I disagree. I took my out of London family on the open bus trip - it costs a lot of money, like about £14 or something, and it goes down really slow routes like Regent Street, and they tell you very obvious things like "that's St Paul's Cathedral, this is the Houses of Parliament". Even someone who's never been to London can work that out.

Also, they don't go that frequently, so once you get off, you have to wait ages for the next one - whereas London buses come every few minutes. Whereas you can go on the no 11 bus for £1.20 on your oyster card.

They supposedly include the boat too, but we tried to get on the boat from the Tower of London and the queues were really long - wheras we could have used the Thames Clippers with our Oystercards, going every 15 minutes, and for much less money.

You can get free London bus route maps from Transport For London.


----------



## HeatherChloe (Oct 18, 2009)

Rosbotham said:


> Actually I think it does. As I understand it, it knocks the maximum fare (£6 unless National Rail is involved?) as you touch in, then credits the difference between that and the actual fare as you touch out. Therefore, for the period of the journey you're allowed to have a negative balance on the card.
> 
> The gate won't open if (a) on touch in if you have insufficient balance for the cheapest fare from that station or (b) on touch out, post max/actual reconcilliation, if you have a negative balance.
> 
> ...


No, it doesn't work like that. The rules are here

http://www.tfl.gov.uk/tickets/14836.aspx

If you have £1.80 on your card, you can travel on the tube. So how could it knock off £6 if you only have £1.80 on it?

If you ask for a receipt at the booth, it will show you all the transactions - it shows you touching in, and nothing is deducted, then it shows you touching out, and the fare. If you don't touch out that day, then it charges you the maximum only then.

If you take the tube, and then get on the train, it will charge you the tube fare of £1.80, then it will reduce it to zero when you touch in on the train, and instead calculate a combined train and tube journey for the zones you have been through.


----------



## Rosbotham (May 4, 2008)

I don't want to get into a long debate and drag this off-topic Heather, but I've taken a look at my online statement and am absolutely sure that JeanLuc's correct. I can only assume that the printout at ticket machines is a simplified one, hiding the complexity.

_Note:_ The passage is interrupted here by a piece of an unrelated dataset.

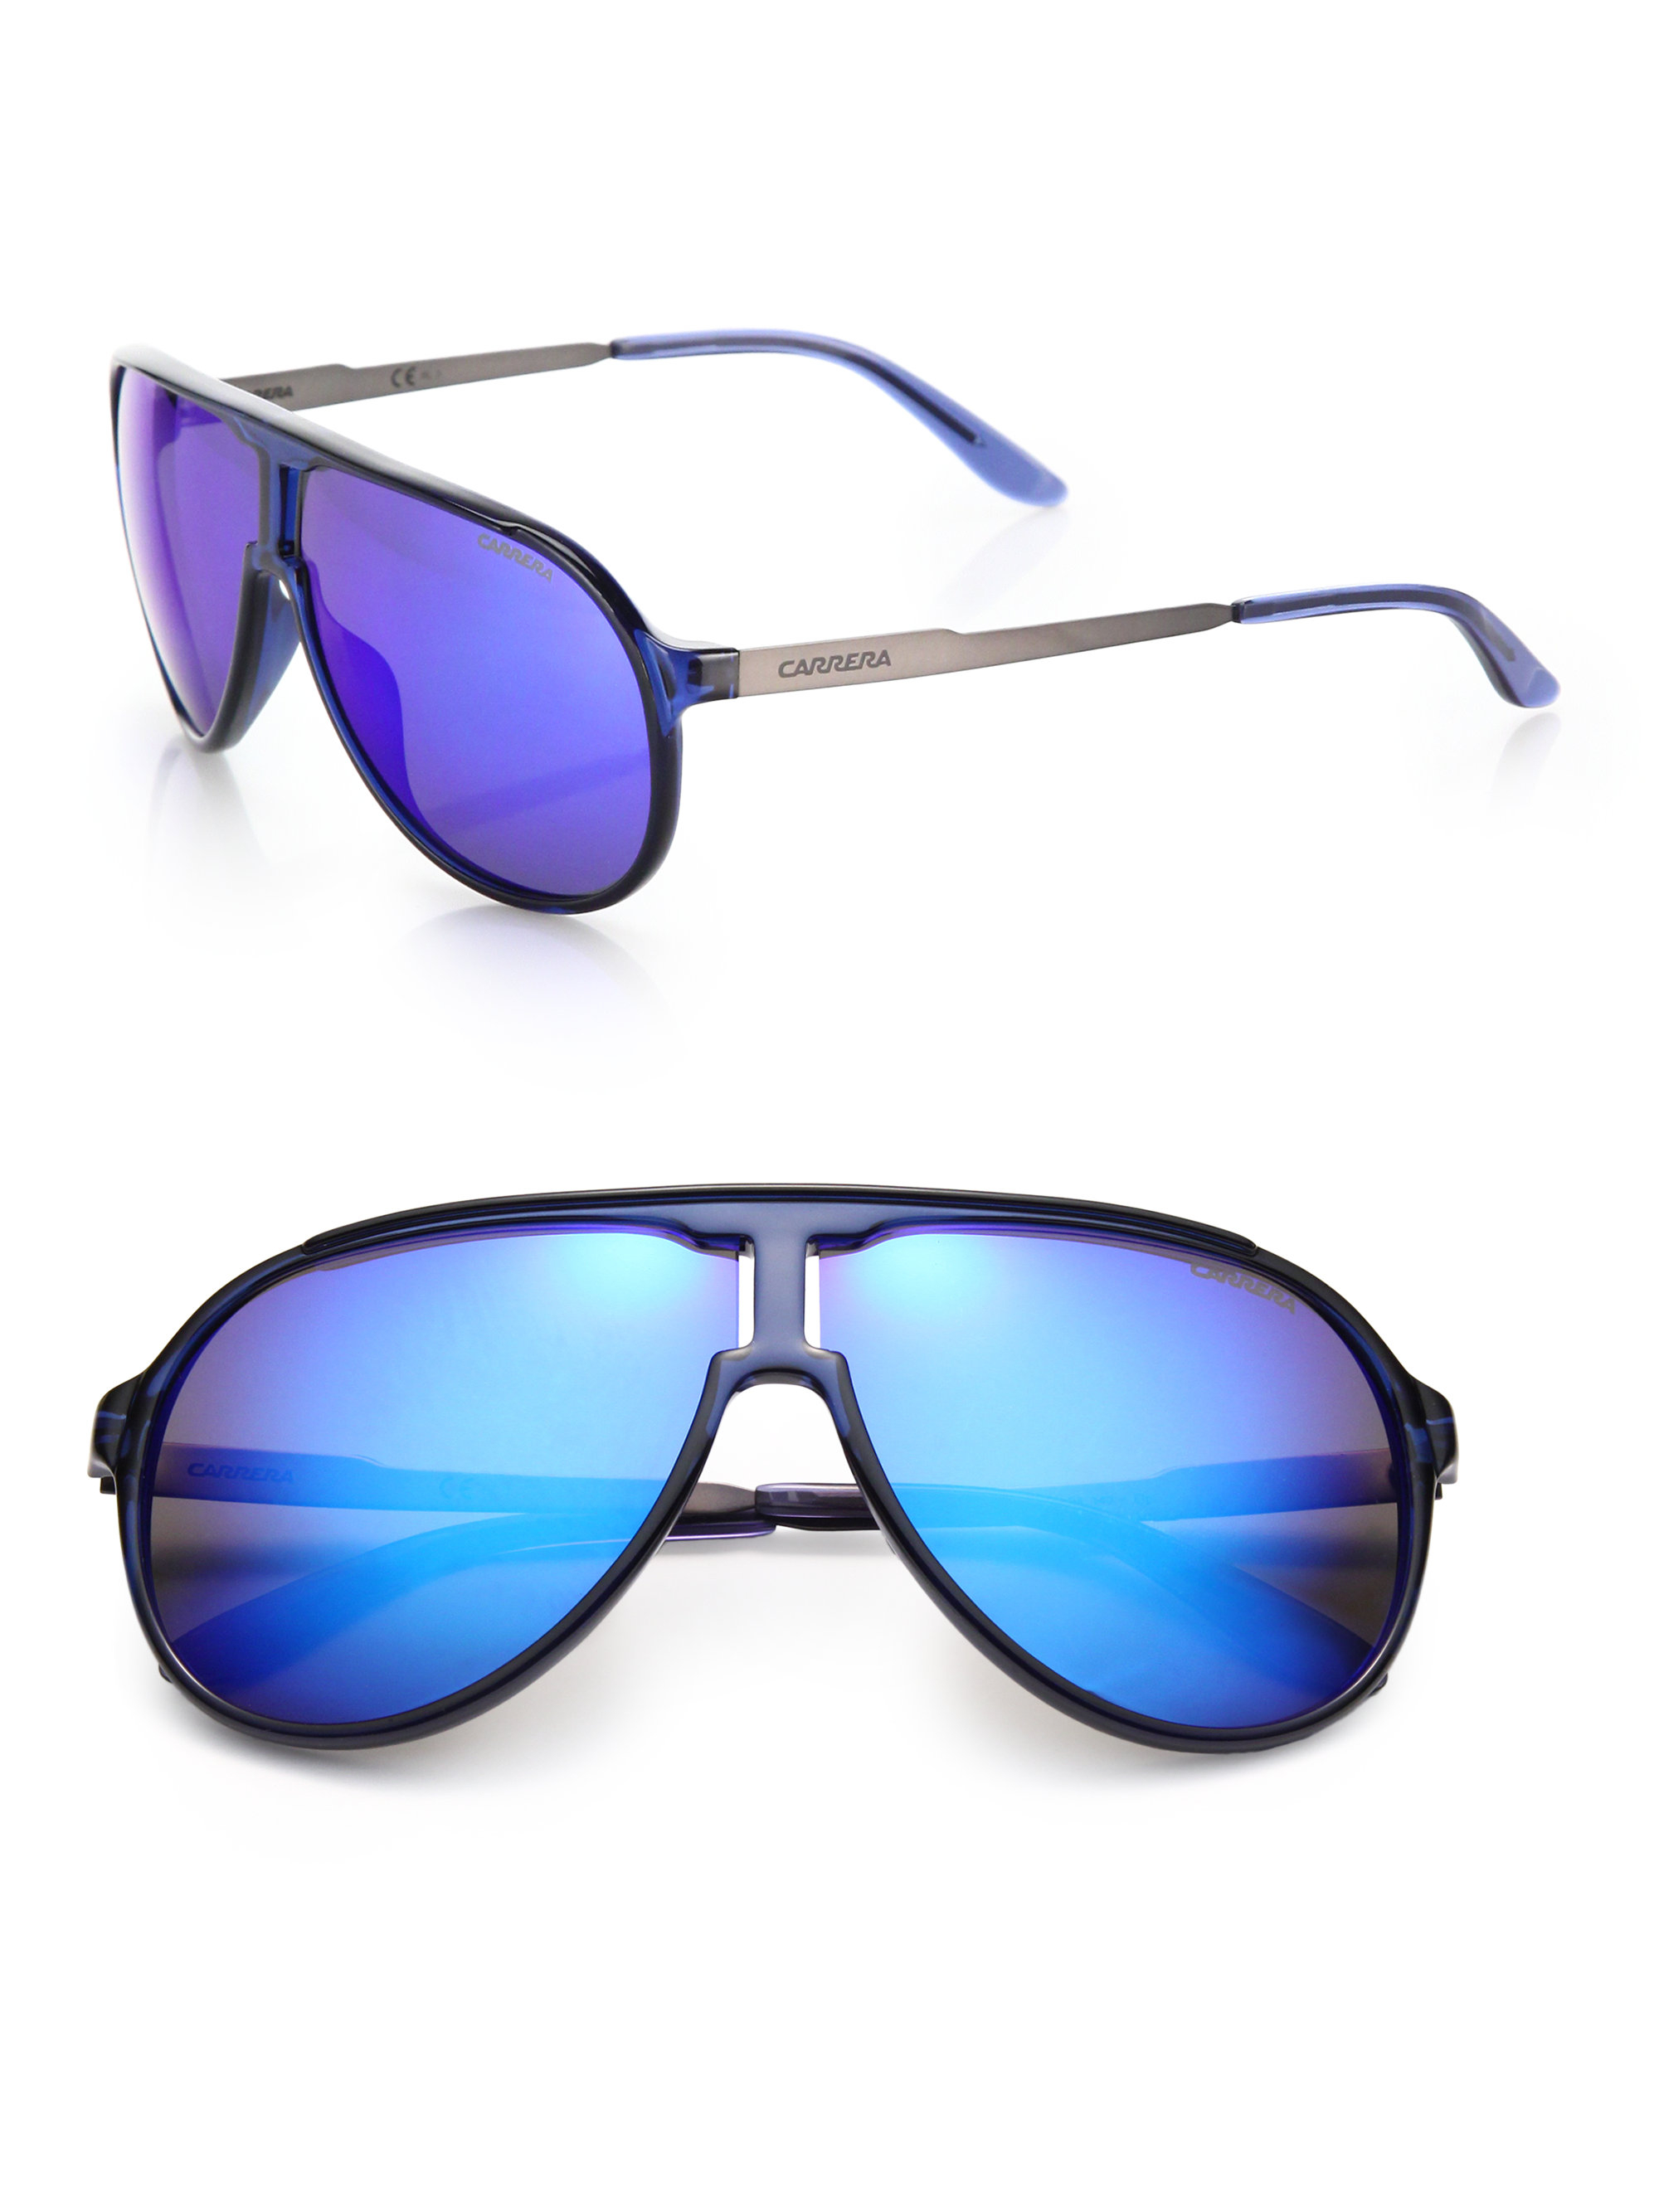 Mens Blue Lens Aviator Sunglasses | www.tapdance.org

I'm not going to put a screen print here because it would display parts of my auto-topup credit card, but here's an extract.

Start balance = £7.60
10/5/2010 :
0913 Euston (London Underground); Enter; Fare -£6; Balance £1.60
0928 Embankment; Exit; Fare £4.20; Balance £5.80
15:55 Embankment; Entry; Fare -£4.30; Balance £1.50
16:08 Euston (London Underground); Exit; Fare £2.50; Balance £4

...what this is saying is that when I entered Euston in the morning it took the maximum peak fare of £6, then recredited the difference between that £6 and the actual £1.80 fare as I exited at Embankment. In the afternoon journey, it took the maximum off-peak fare of £4.30 as I entered at Embankment, and recredited the difference between that £4.30 and the actual £1.80 fare as I exited at Euston.

If I only had £1.80 on my card as I entered, it would have taken the £6 and allowed the balance to go negative to minus £4.20 while I was on the tube. If I'd exited at Zone 1, it would have recredited £4.20 when I exited, leaving the card with zero balance. If I went beyond Zone 1, then even after recrediting the difference between the max £6 and the actual fare, the card would still be negative balance at the exit barrier, so I assume it wouldn't open. E.g. if I went to Zone 2, that'd be a fare of £2.30 so only £3.70 credited, so balance would still be -£0.30 hence gate wouldn't open.

*To everyone else :* all this complexity is hidden unless you delve into the details...Oyster cards are really simple in practical operation.

Paul


----------



## HeatherChloe (Oct 18, 2009)

Rosbotham said:


> I've taken a look at my online statement and am absolutely sure that JeanLuc's correct. I can only assume that the printout at ticket machines is a simplified one, hiding the complexity.
> wouldn't open.


How funny - the statements I get don't work like that at all.

A mystery!


----------